750 Katana Resurrection

[KiwiAlfa156]

Hi All,

I'm in the middle of bringing a 1982 Suzuki GS750S Katana back from the dead. I have been posting/blogging on the Katana Australia forum (Hi PeteGSX) but thought I might share the journey here too. It may be of interest to some of you. I'll gladly take any advice or comments, and am happy to answer questions. I've done a few restorations for road use, not show bikes. "Ride it, don't hide it", they say.

With every project, I've tried to do more and more of the work myself to a level I can be proud of. Last build (my daily rider GS650G Katana) it was all the paint and panel work.

This project is the most ambitious to date. The bike was given to an acquaintance of mine, apparently as part-payment on a debt, and had languished in his garage for a year or two. It was a non-runner and he's not a bike guy. He just wanted it gone and the deal was struck. Here is day it came back on the trailer.

 

[KiwiAlfa156]

Carb clean, new mains, pilots, and needle valve assembles

Fresh oil and filter and...

Going after at least 10 years sitting idle.

 

[KiwiAlfa156]

Inspection of the frame showed that the Kat was bent...

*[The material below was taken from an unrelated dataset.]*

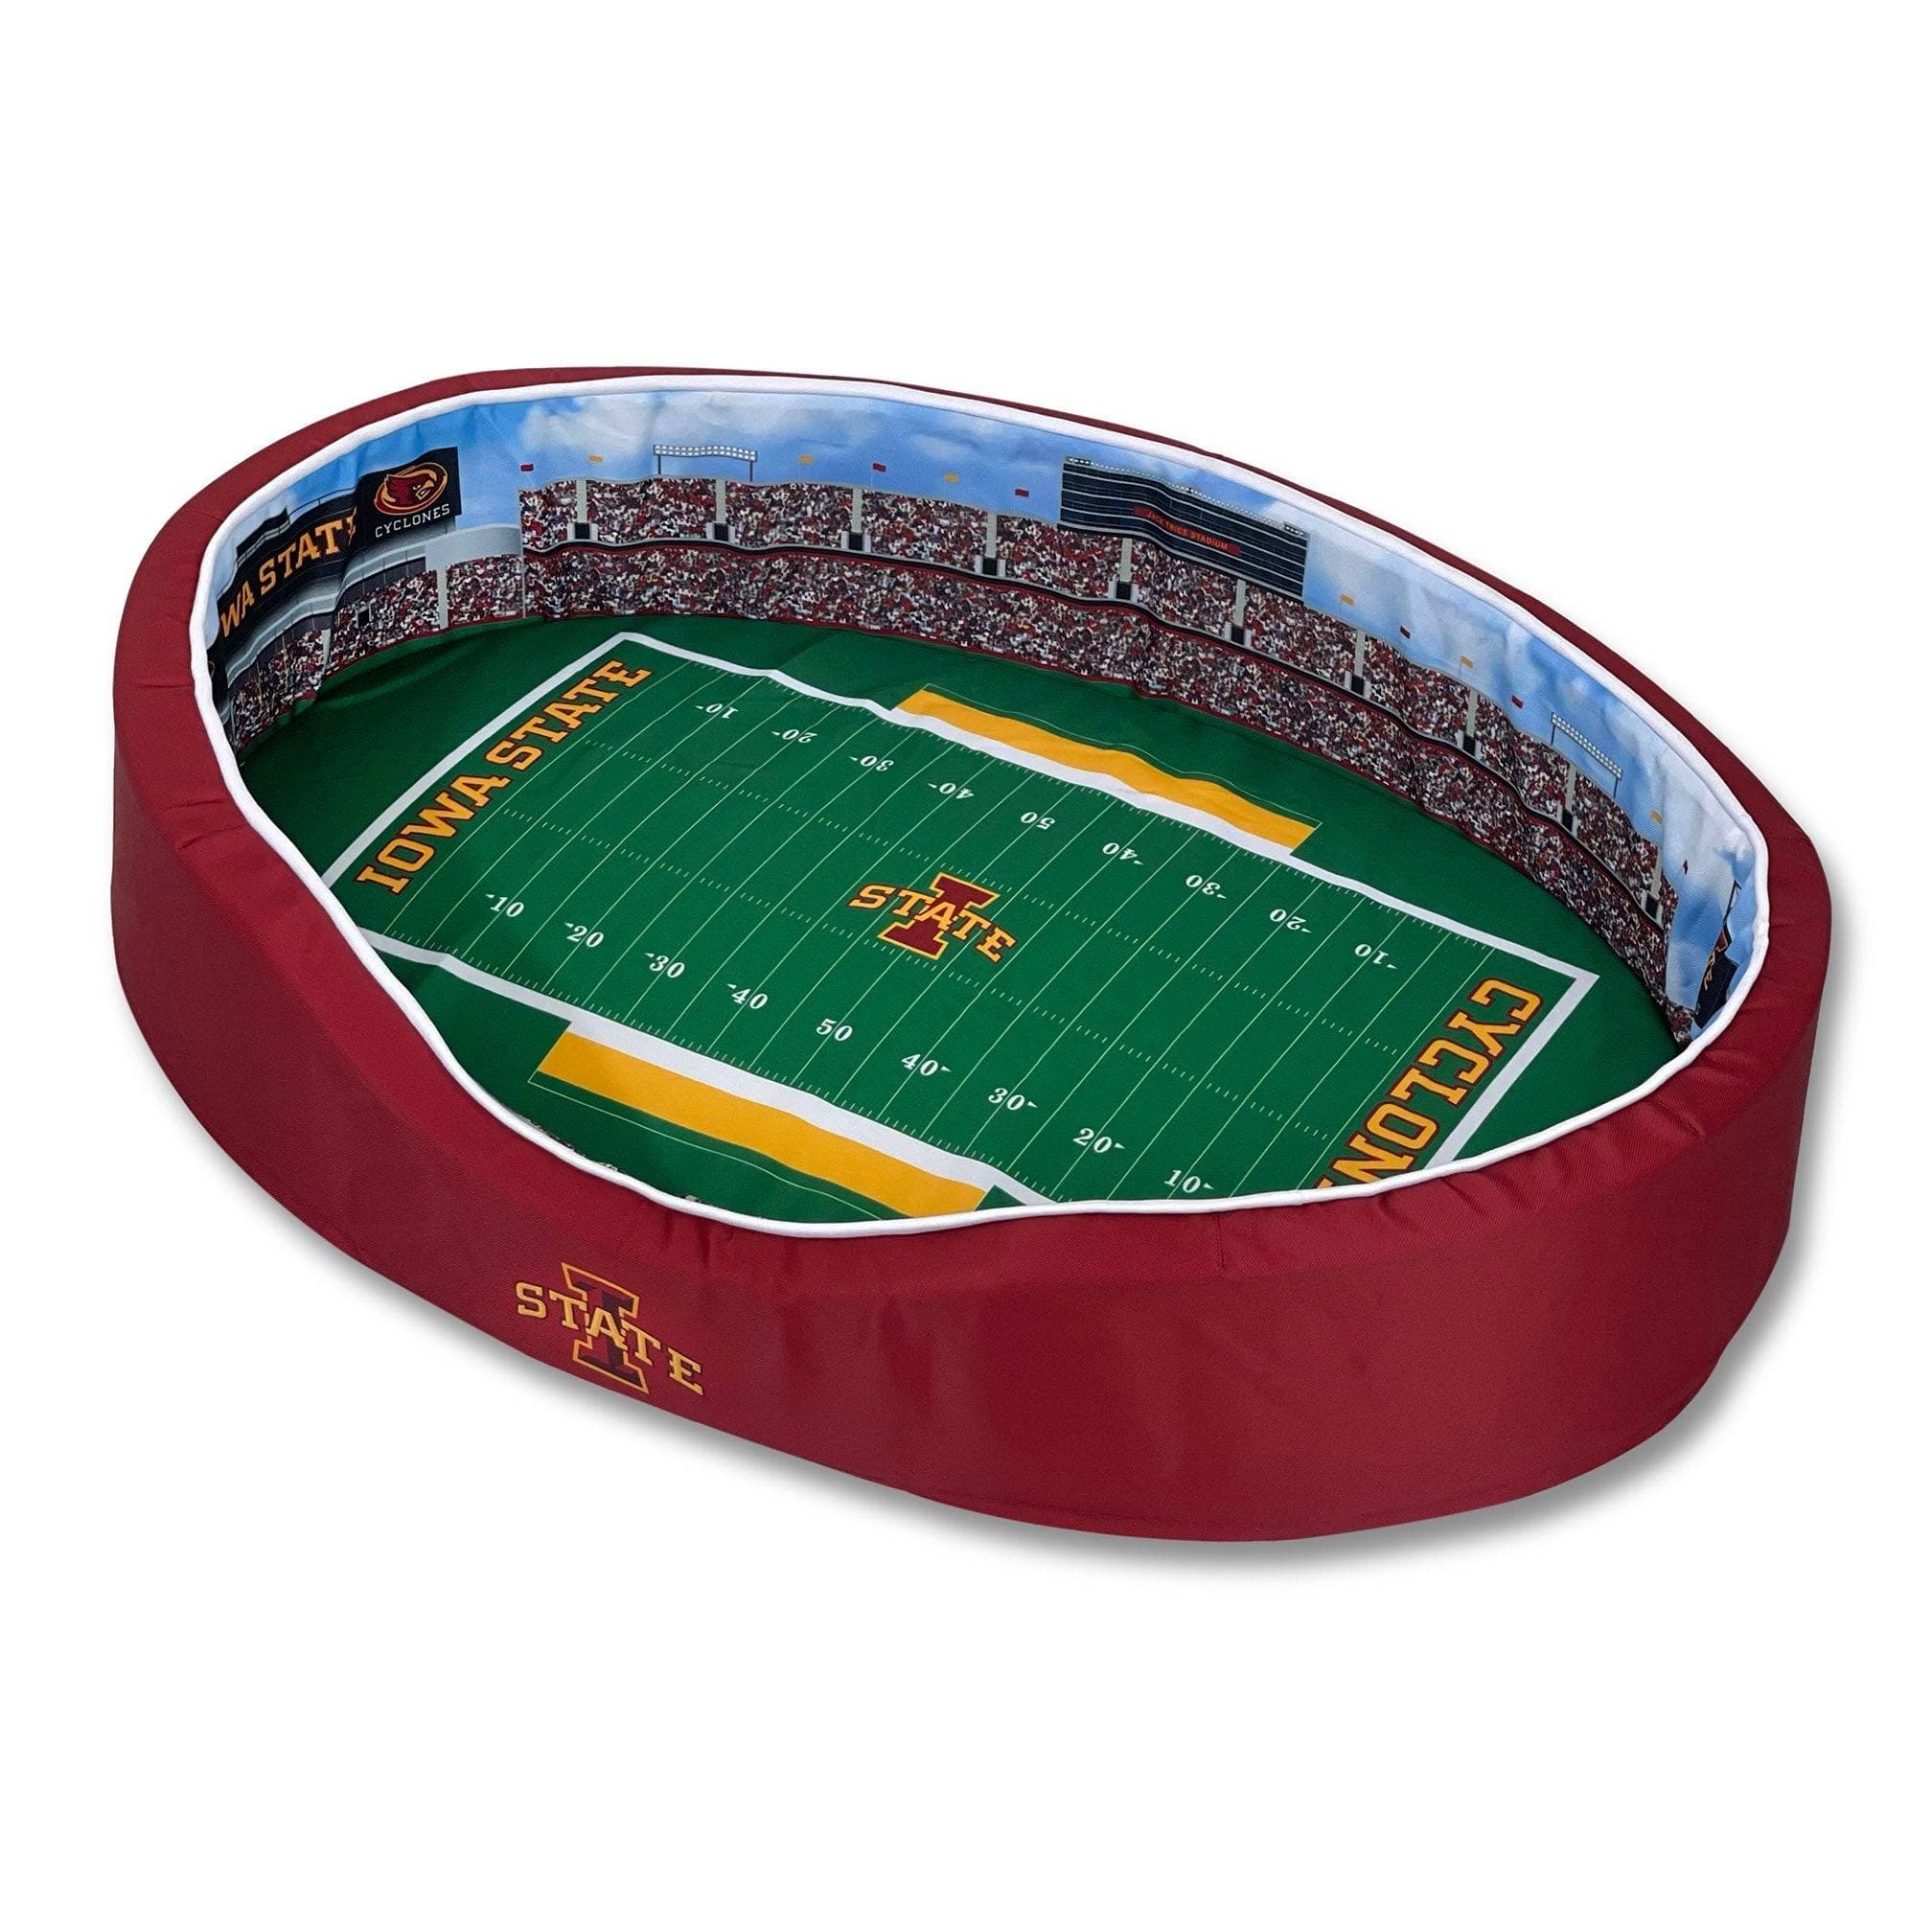 StadiumSpot Louisville Football Stadium Dog Bed - Authentic Cardinals  Graphics, Patented Design - Made from Durable, Eco-Friendly Materials -  Small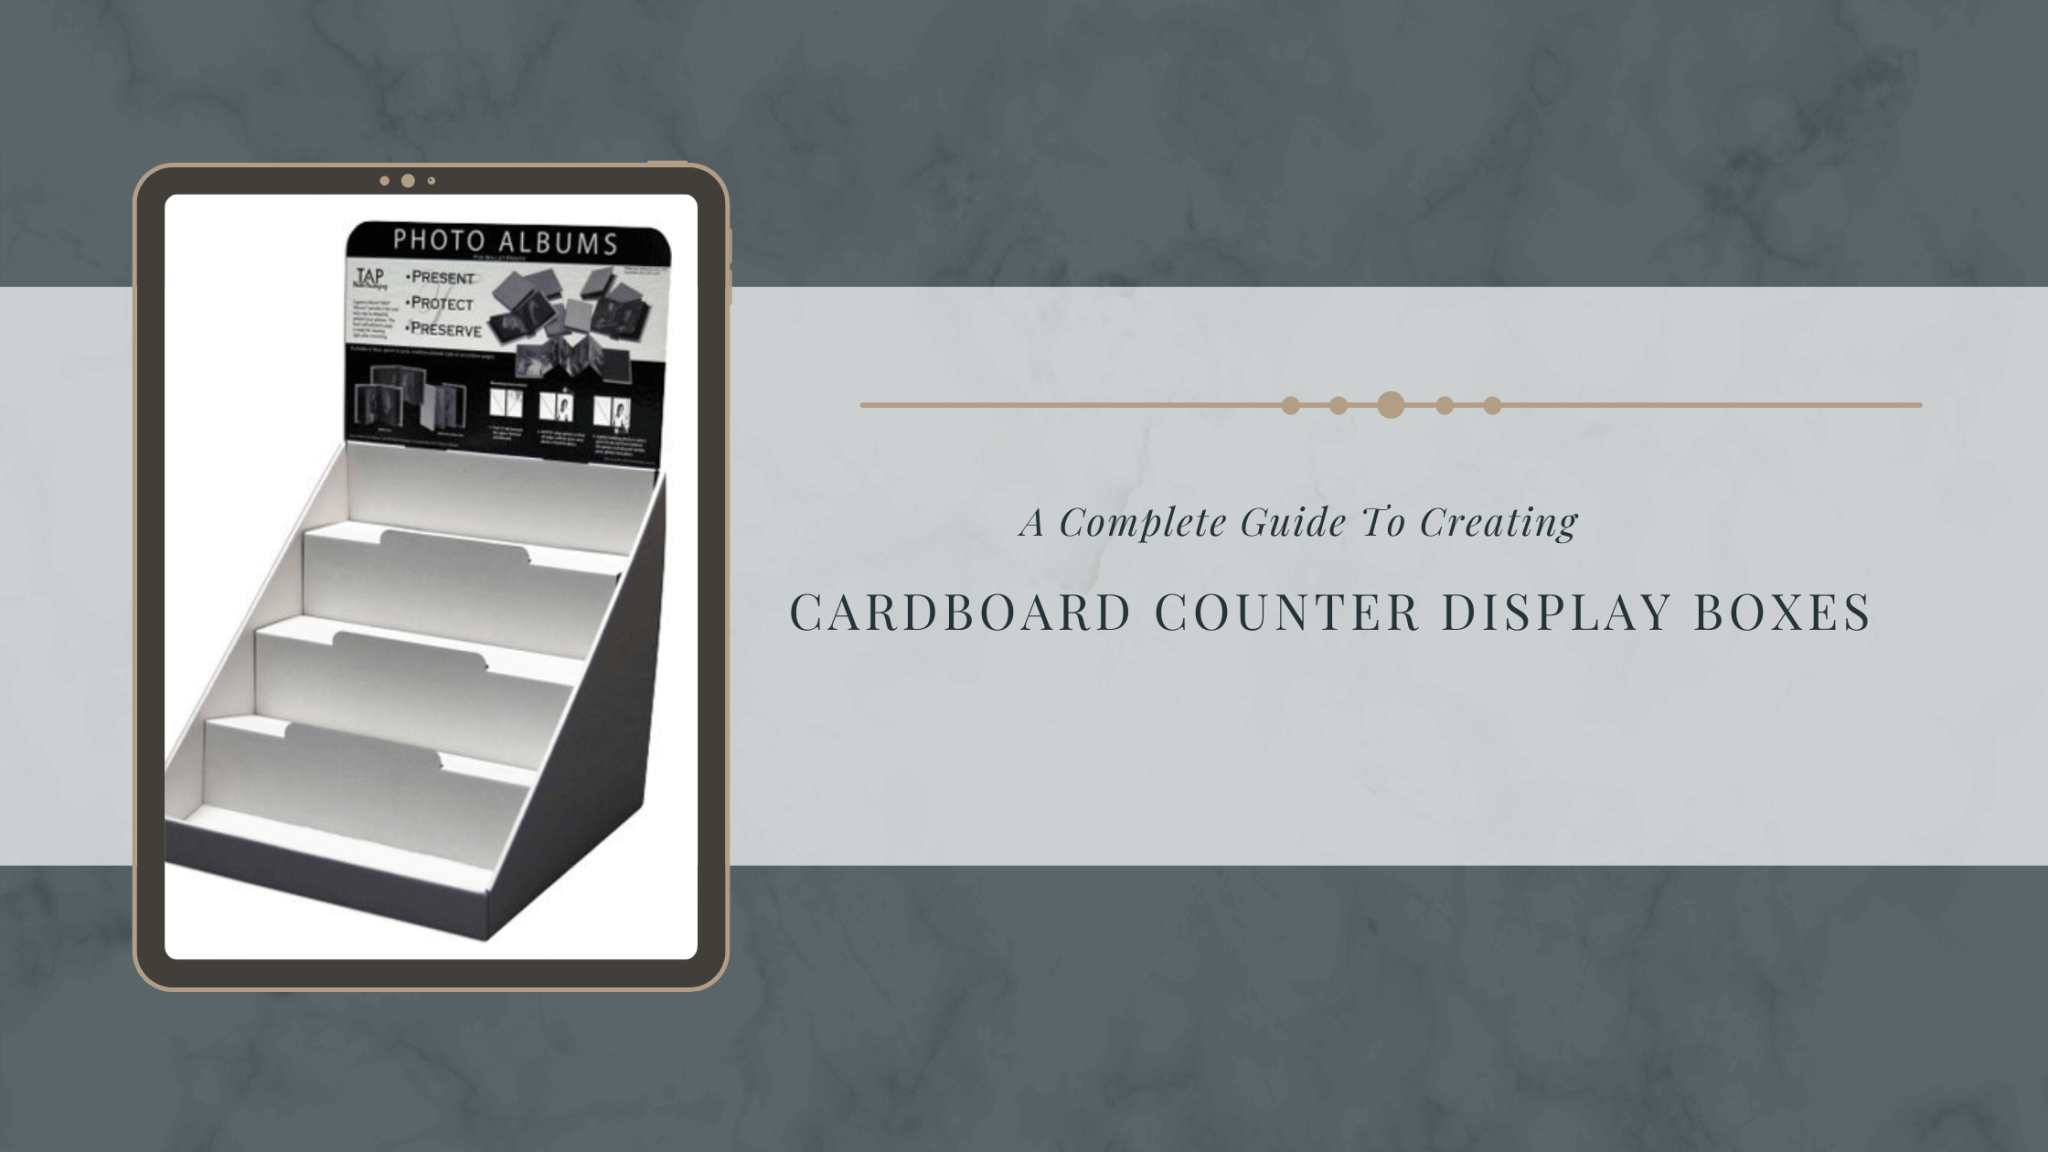 A Complete Guide To Creating Cardboard Counter Display

So I thought why not straighten it?

 

[KiwiAlfa156]

So after much sitting, staring and imagining I came up with a plan. The plan was essentially two parts. First is to "reverse the damage" and second to adjust rake and alignment.

The swingarm, frame cradle under the engine, and the frame behind the rear engine mounts and airbox are straight. The bending out of alignment is in the backbone and front downtubes. The triangulated and gussetted area behind and below the steering head appears to have rotated 'as a unit' from the frontal impact. Everything in this section of the frame measures up and shows no sign of deformation or cracking. So "reversing the damage" looked to be pushing the front downtubes back out straight, while applying a pulling force at the bend on the backbone and a rotational force via a lever in the steering head. The deflection and deformation at the points of damage weren't overly much, and I'll probably weld in bracing into backbone at those bend points Pushing the down tubes forward meant removing the engine.

The idea was to build a jig to replace the engine and hold all the engine mounts in alignment as well as provide jacking/pulling points. The plan was to exert enough pressure to push out the front down tubes direct at the point they are bent in, while simultaneously holding/pulling on the backbone tubes until both sections are straight measured against a straight edge. The deflection of the tubes is only 2 or 3?. I have a 10-ton 'porta-power' hydraulic ram to push the front tubes out and have fabbed up two large diameter square thread pullers from some scrap large g-clamps (which also formed the main members of the jig) to hold/pull down the backbone.

The second stage will be to return the engine to the frame and construct a chassis trueing jig to hold the frame with the swing arm at horizontal (set using bubble levels) and provide pulling points to twist the steering head so the pivot is plum on the centre line and perpendicular to the swing arm pivot. At this stage I'll also measure the rake angle to see if it is within coo-eee and I have a some lengths of square section steel tubing to construct this.

So far the total cost of materials and tools has been NZD $250. Most of this was for the porta-power which was cheaper to buy than hire for a day. I have access to scrap steel at very low cost.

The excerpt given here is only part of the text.